Os parlamentares receberão carta branca para discutir Andrew Mountbatten-Windsor e seu relacionamento com o pedófilo Jeffrey Epstein na Câmara dos Comuns.
Espera-se que o presidente da Câmara, Sir Lindsay Hoyle, permita que os deputados debatam o irmão do rei, uma vez que ele já não é considerado um membro activo da família real.
Ao abrigo da convenção há muito estabelecida em Erskine May – o Livro de Regras Parlamentares – os deputados têm sido tradicionalmente desencorajados de discutir a monarquia na Câmara dos Comuns.
No entanto, Andrew agora será um jogo justo, já que foi destituído de seus títulos de príncipe e duque de York no ano passado, depois que surgiram e-mails que lançaram dúvidas sobre alegações anteriores sobre quando ele terminou com Epstein.
Mas, apesar disso, os deputados serão lembrados de que devem abster-se de discutir o rei e outros membros da família real, incluindo as filhas de André, as princesas Beatrice e Eugenie.
É provável que o orador aconselhe os legisladores que devem ter cuidado para não dizer nada que possa obstruir qualquer processo legal, uma vez que a regra sub judice da Câmara proíbe a menção de casos activos e desencoraja a discussão de investigações policiais em curso.
Isso acontece depois que Andrew foi preso na última quinta-feira por suspeita de má conduta em cargo público e libertado sob investigação por supostamente vazar informações confidenciais para Epstein enquanto servia como enviado comercial do Reino Unido. Ele sempre negou qualquer irregularidade.
Os deputados de todo o partido preparam-se para pressionar por respostas sobre como ele conseguiu representar a nação durante uma década com uma supervisão aparentemente mínima, apesar das preocupações sobre as suas amizades duvidosas.
Espera-se que o presidente da Câmara dos Comuns, Sir Lindsay Hoyle (na foto), permita que os parlamentares discutam o irmão do monarca no debate, já que ele não é mais considerado um membro ativo da família real.
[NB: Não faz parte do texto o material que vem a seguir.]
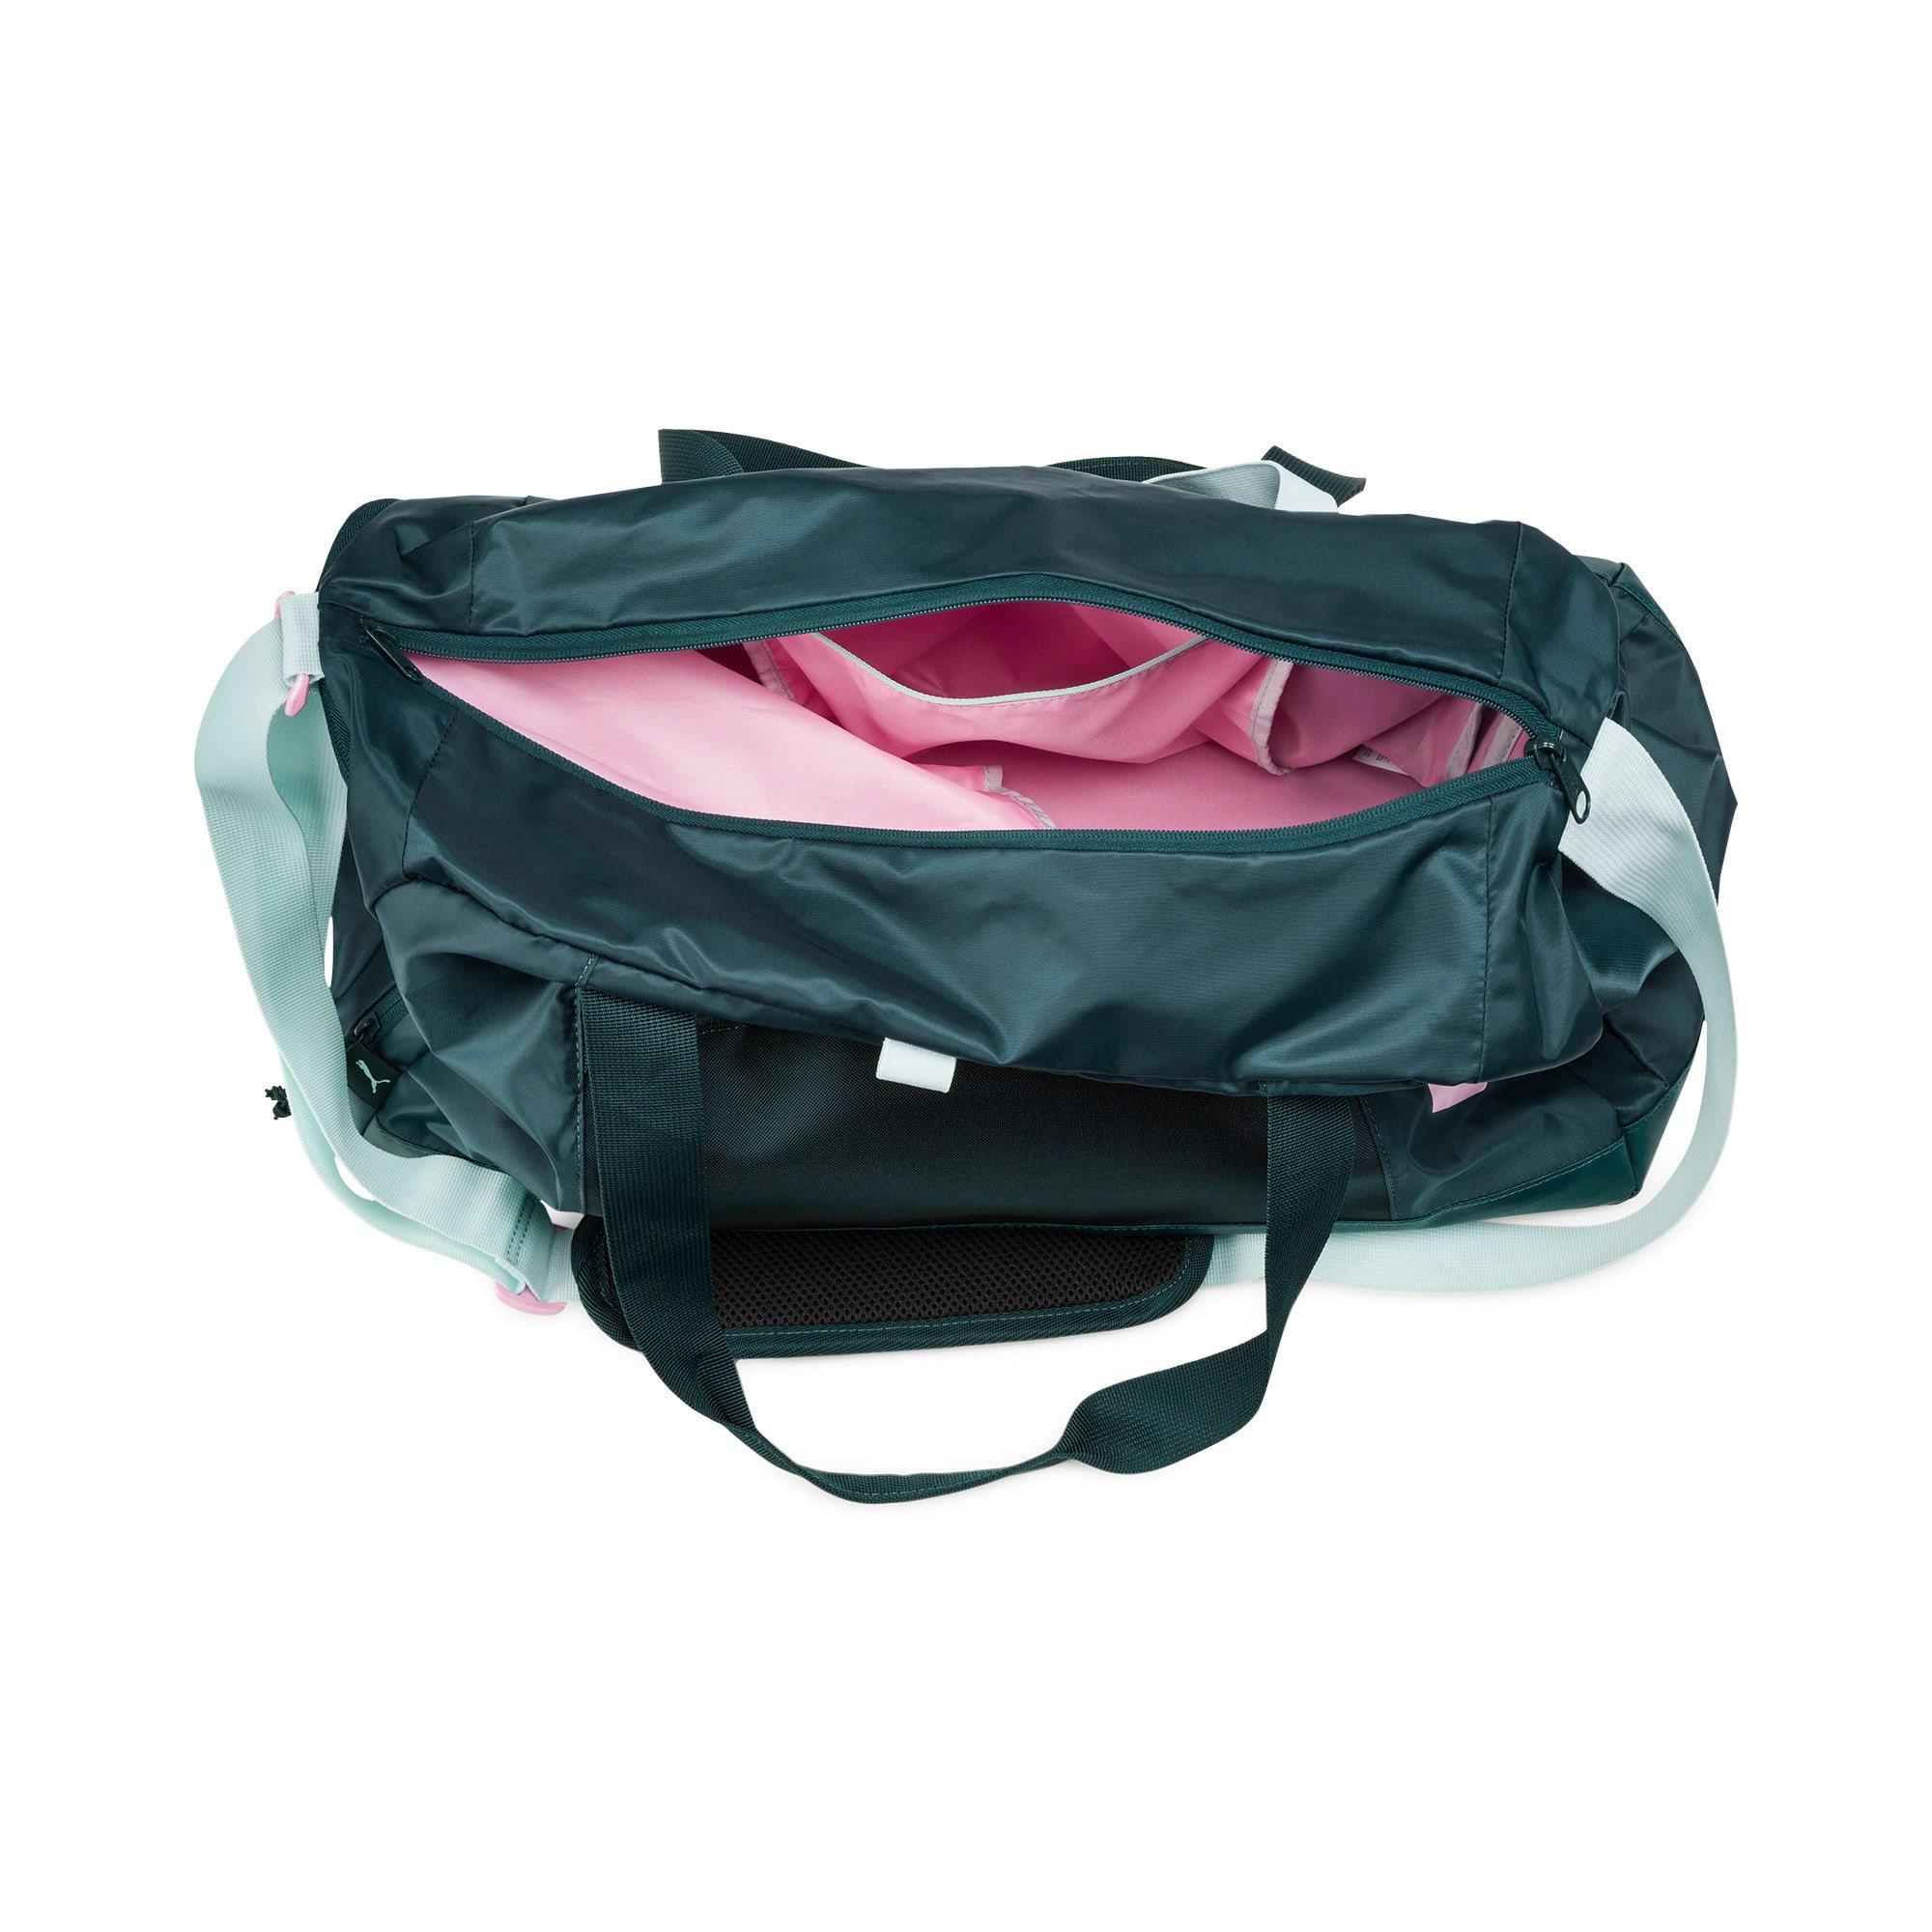 Thumbnail 4 of Active Women's Training Duffle Bag, Ponderosa Pine, medium

Os deputados de Erskine May têm sido tradicionalmente desencorajados de discutir a monarquia na Câmara dos Comuns ao abrigo do Livro de Regras Parlamentares. No entanto, Andrew agora será um alvo justo, já que foi destituído de seus títulos de príncipe e duque de York no ano passado.
Os Liberais Democratas estão considerando usar um debate no dia da oposição na terça-feira para forçar um debate para examinar mais detalhadamente o papel de Andrew como ex-enviado comercial.
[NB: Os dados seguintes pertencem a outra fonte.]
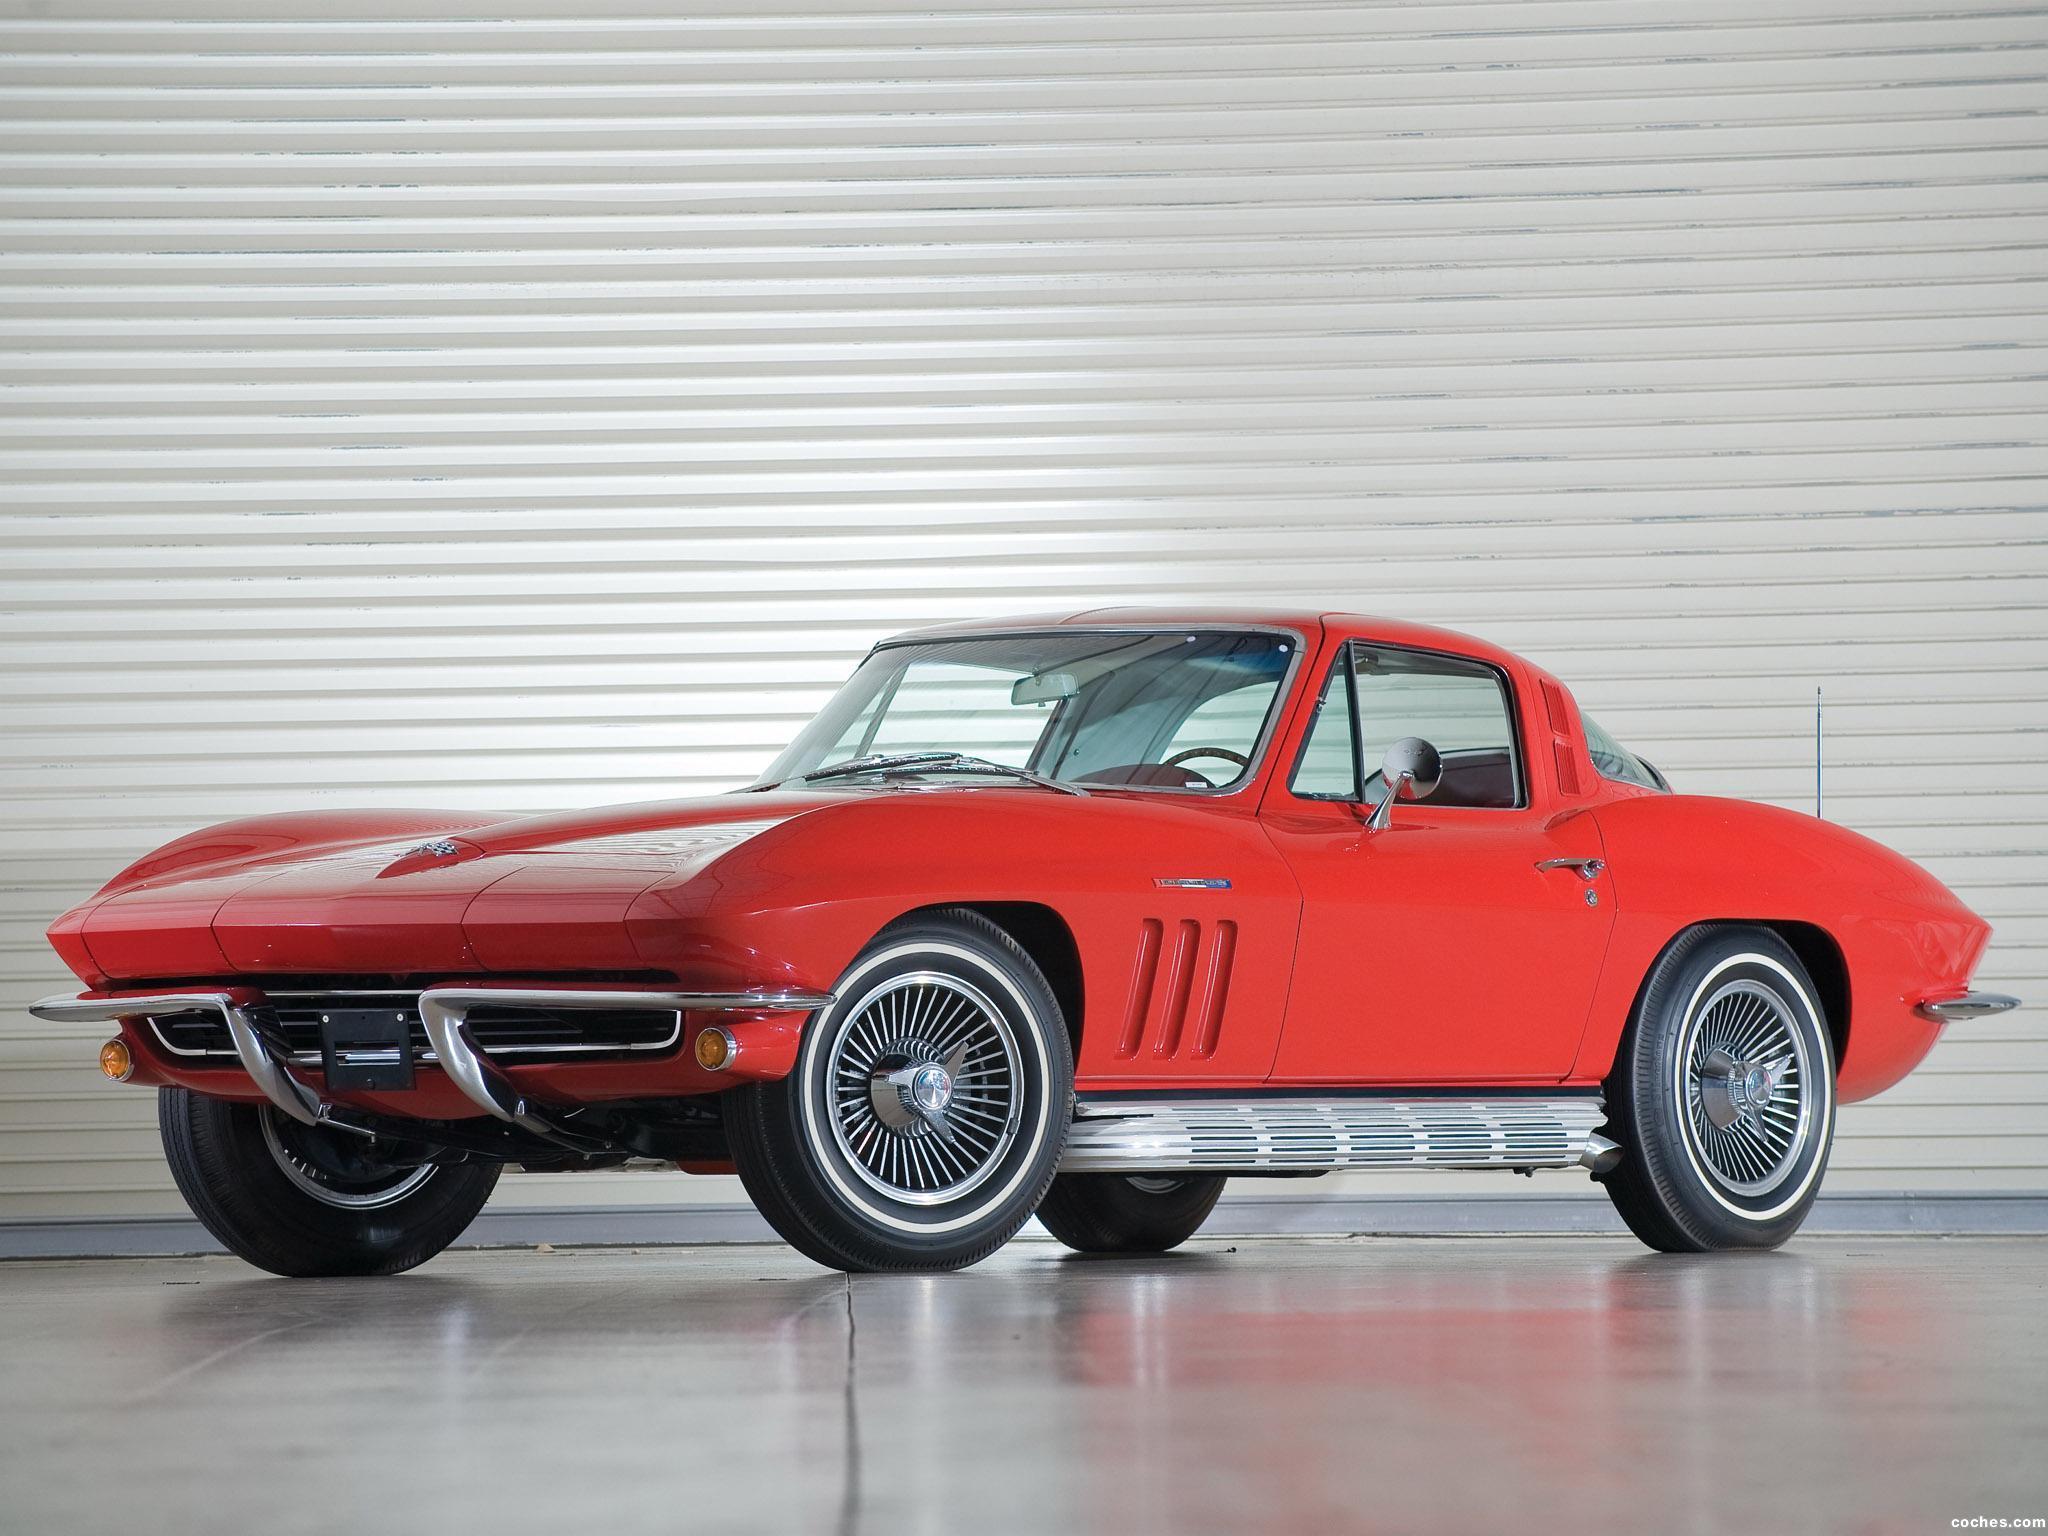 Foto 0 de Chevrolet Corvette C2 Sting Ray 327 L84 1965

E na segunda-feira, a líder conservadora Kimmy Badenoch pediu ao Departamento de Negócios e Comércio que abrisse seus arquivos sobre Andrew para ajudar na investigação.
Ele disse: ‘O príncipe Andrew teria recebido isso porque poderia abrir a porta, mas se houver alguma coisa nessas alegações de má conduta em cargos públicos, todos os arquivos deveriam ser divulgados e investigados.’
Uma fonte do Partido Liberal Democrata disse que o partido estava a considerar usar o debate para procurar “mais transparência e escrutínio parlamentar” em torno do papel de Andrew financiado pelos contribuintes. Entende-se que o partido ainda está discutindo os detalhes exatos da moção com os secretários do Commons.
Um porta-voz disse: “O governo deve responder às principais questões sobre o papel de Andrew Mountbatten-Windsor como enviado comercial e como ele foi capaz de agir com aparente impunidade. Os Liberais Democratas aproveitarão o Dia da Nossa Oposição para forçar este debate a público.
«Não se pode esperar que o Parlamento olhe para o outro lado. Temos de ser capazes de debater esta questão plenamente, sem medo ou preconceito, sem prejudicar as investigações policiais em curso.
«O público merece total transparência sobre este escândalo, para que possamos responsabilizar quem está no poder e reconstruir a confiança do público nas nossas instituições.»
A queda de Andrew provocou novos apelos por maior transparência em torno da família real, que está em grande parte isenta das leis de liberdade de informação e de maior escrutínio parlamentar.
A secretária de Educação, Bridget Phillipson, recusou-se no domingo a anular o inquérito liderado por um ex-juiz de Duke. “Acreditamos que todas as opções devem estar abertas à consideração. Isto é muito sério”, disse ele ao GB News.
Qualquer investigação independente seria concebida para estabelecer informações sobre a relação de Andrew com Epstein, bem como problemas mais amplos ou falhas na sua posição como embaixador comercial.
Isso aconteceu depois que o The Mail on Sunday revelou que o rei havia sido avisado de que o nome da família estava sendo “utilizado indevidamente” pelos contatos de Andrew.
Num e-mail bombástico, um denunciante disse ao palácio em 2019 que Andrew tinha ligações financeiras secretas com o controverso financista milionário David Rowland, que explorava as suas ligações reais.